HiMall
- Location: No. 3, Section 2, Xianmin Boulevard, Banqiao District, New Taipei, Taiwan
- Coordinates: 25°0′45″N 121°27′43″E﻿ / ﻿25.01250°N 121.46194°E
- Opening date: January 10, 2013; 13 years ago
- Closing date: August 31, 2025; 6 months ago
- Developer: Lihpao Construction Group
- Floor area: 58,979.47 m^{2} (634,849.7 sq ft)
- Floors: 6 floors above ground 2 floors below ground
- Public transit: Banqiao station
- Website: www.lihpaomall.com.tw

= HiMall =

Taiwanese shopping mall based in New Taipei

HiMall (麗寶百貨廣場 (Lìbǎo Bǎihùo Guǎngchǎng)) is a Taiwanese shopping center in Banqiao District, New Taipei, Taiwan that opened on 10 January 2013. The mall is developed and operated by Lihpao Construction Group. The main core stores of the mall include Family Mart, Doctor Air, Tom's World, and Showtime Cinemas. The mall is located in close proximity to Banqiao station of the Bannan line of Taipei Metro.
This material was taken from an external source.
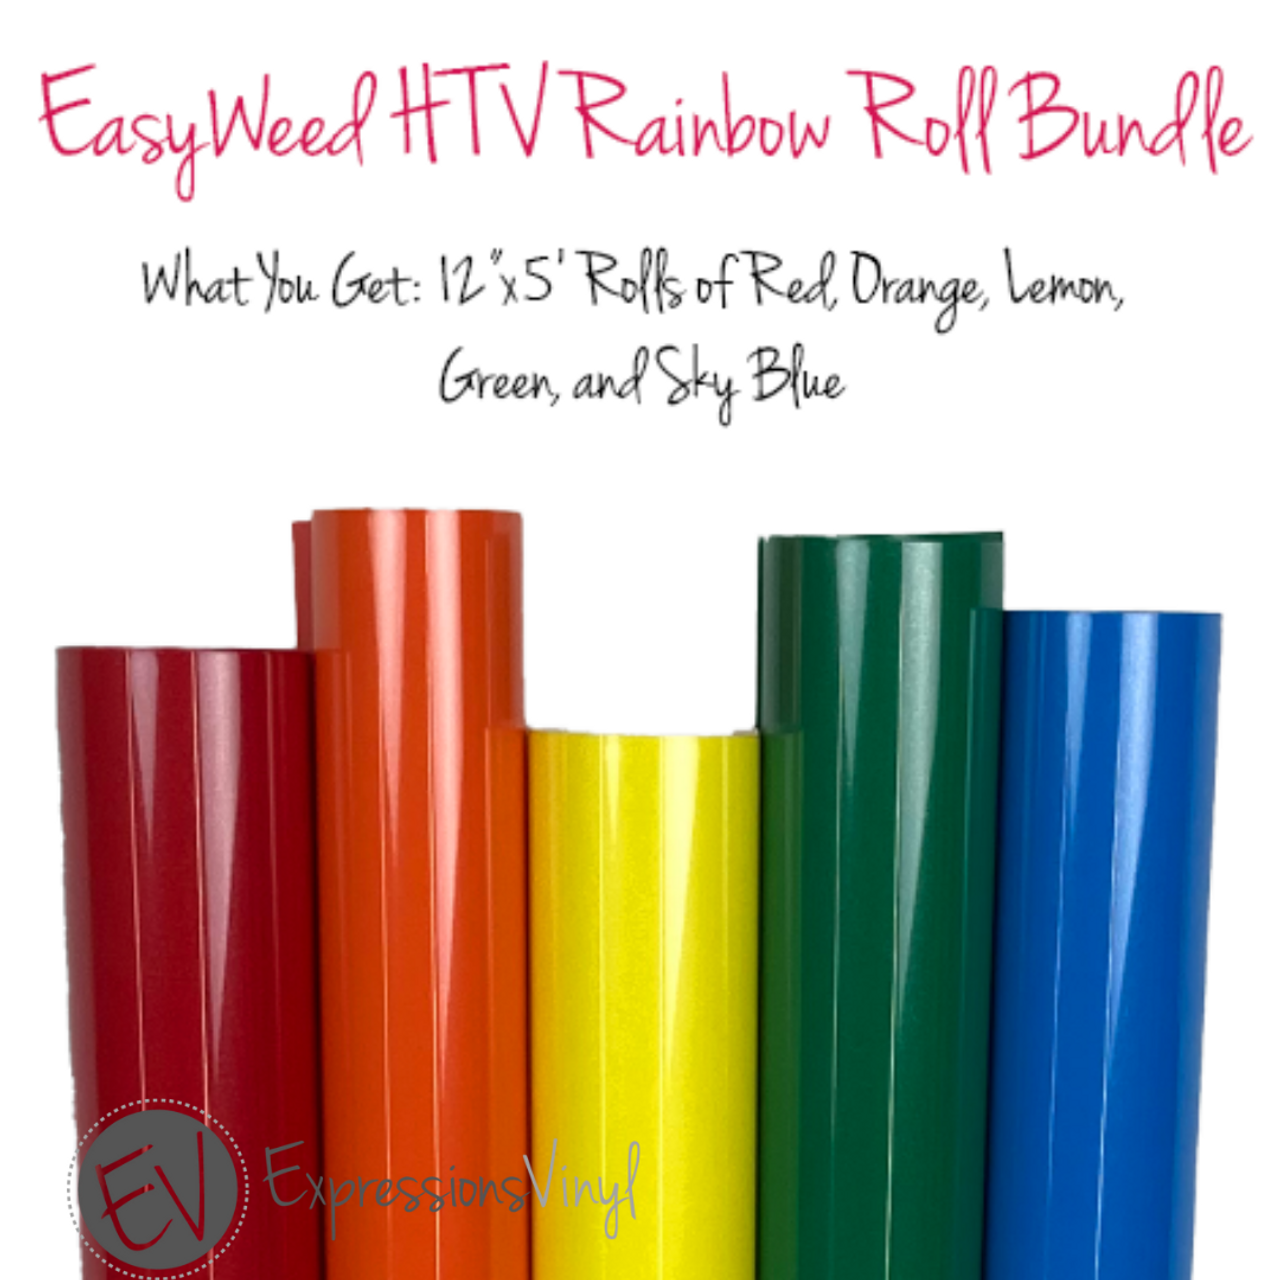 EasyWeed HTV Rainbow 5ft. Roll Bundle

In August 2025, due to poor long-term operating performance, the mall only had a FamilyMart convenience store on the first floor, Showtime Cinemas on the second to fourth floors, and Tom's World on the fifth floor. Therefore, it announced that it would close down on 31st and would be converted into office space in the future.

==Notable incidents==
On 8 December 2021, a 5-year-old boy was accidentally injured while riding a merry-go-round in the mall. The boy suffered three severed fingers on his right hand but remained conscious and was taken to Far Eastern Memorial Hospital in the district. Following the incident, New Taipei City's Joint Public Safety Inspection Team promptly conducted an inspection and ordered the facility to cease operations.